Problem to solve:
Leaving pictures out, repeat word for word the line that has "Hope Rising" and each line that follows it to the end of the listing.

Dataset section:
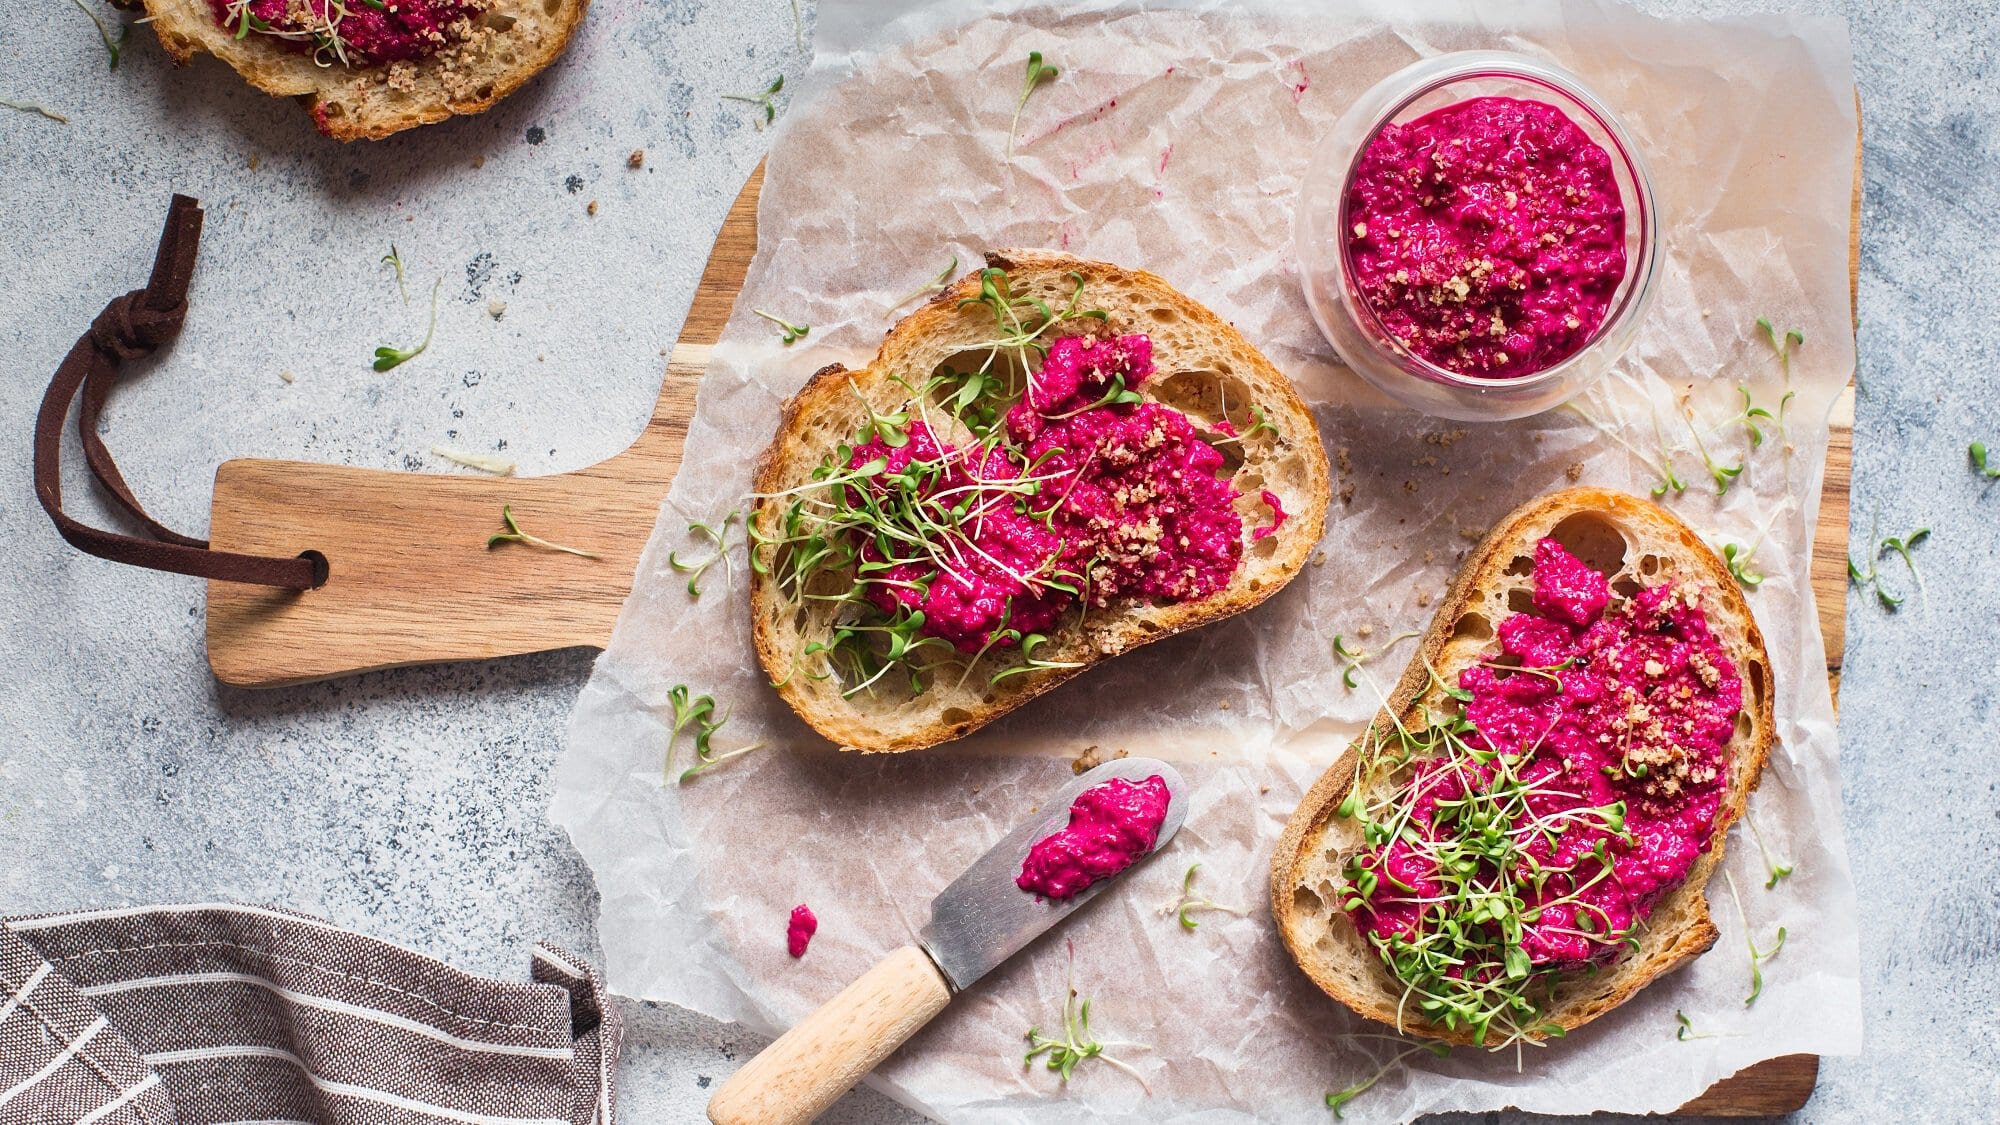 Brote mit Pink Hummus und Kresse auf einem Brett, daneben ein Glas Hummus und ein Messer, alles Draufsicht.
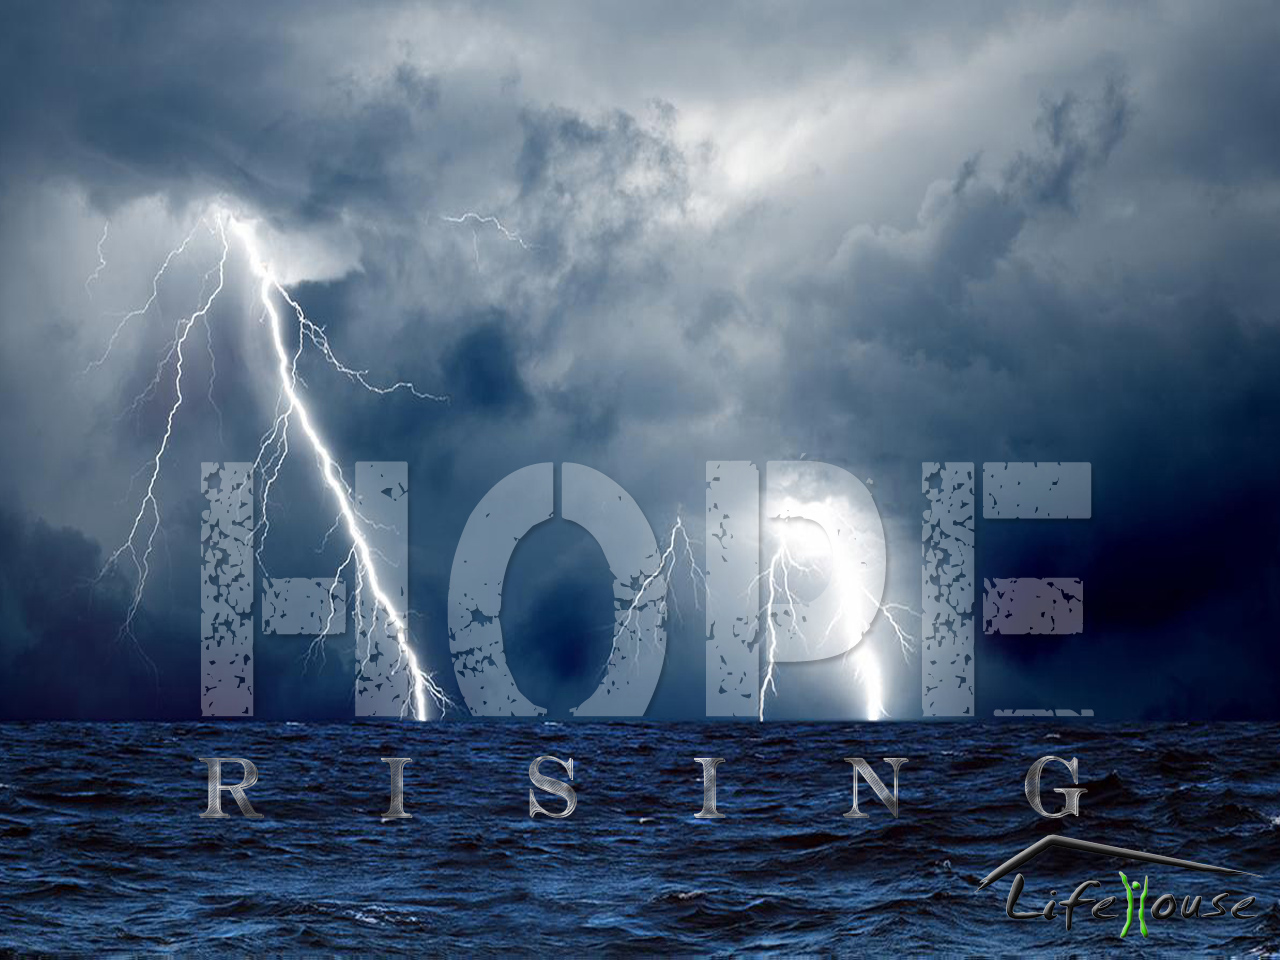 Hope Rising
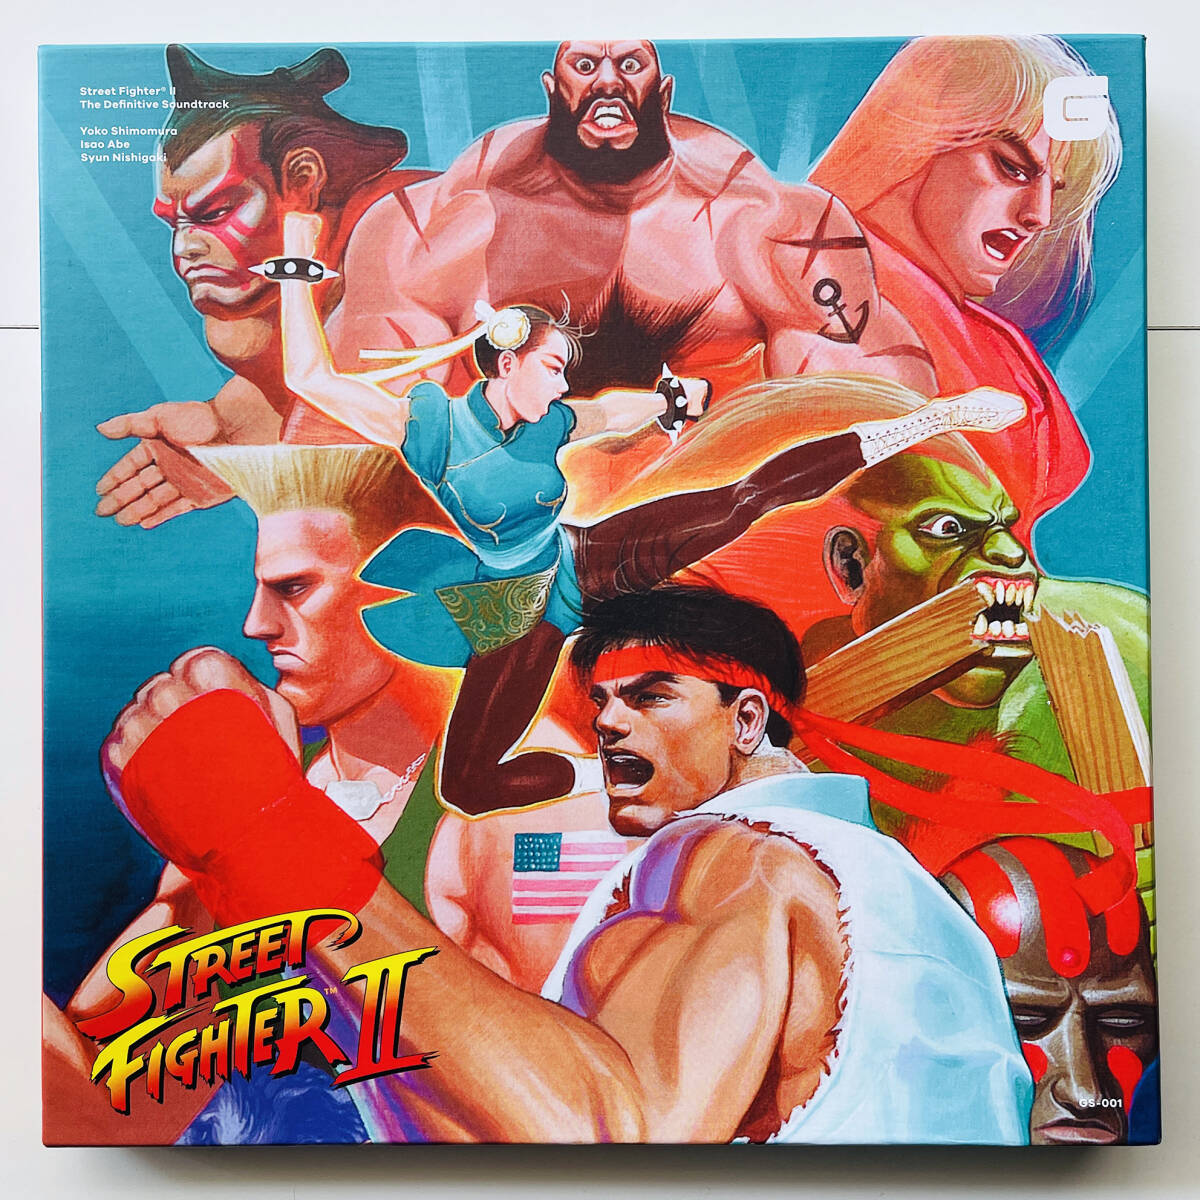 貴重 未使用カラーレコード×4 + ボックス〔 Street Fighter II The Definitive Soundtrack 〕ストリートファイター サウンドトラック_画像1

Output for this exercise:
 Hope Rising
 貴重 未使用カラーレコード×4 + ボックス〔 Street Fighter II The Definitive Soundtrack 〕ストリートファイター サウンドトラック_画像1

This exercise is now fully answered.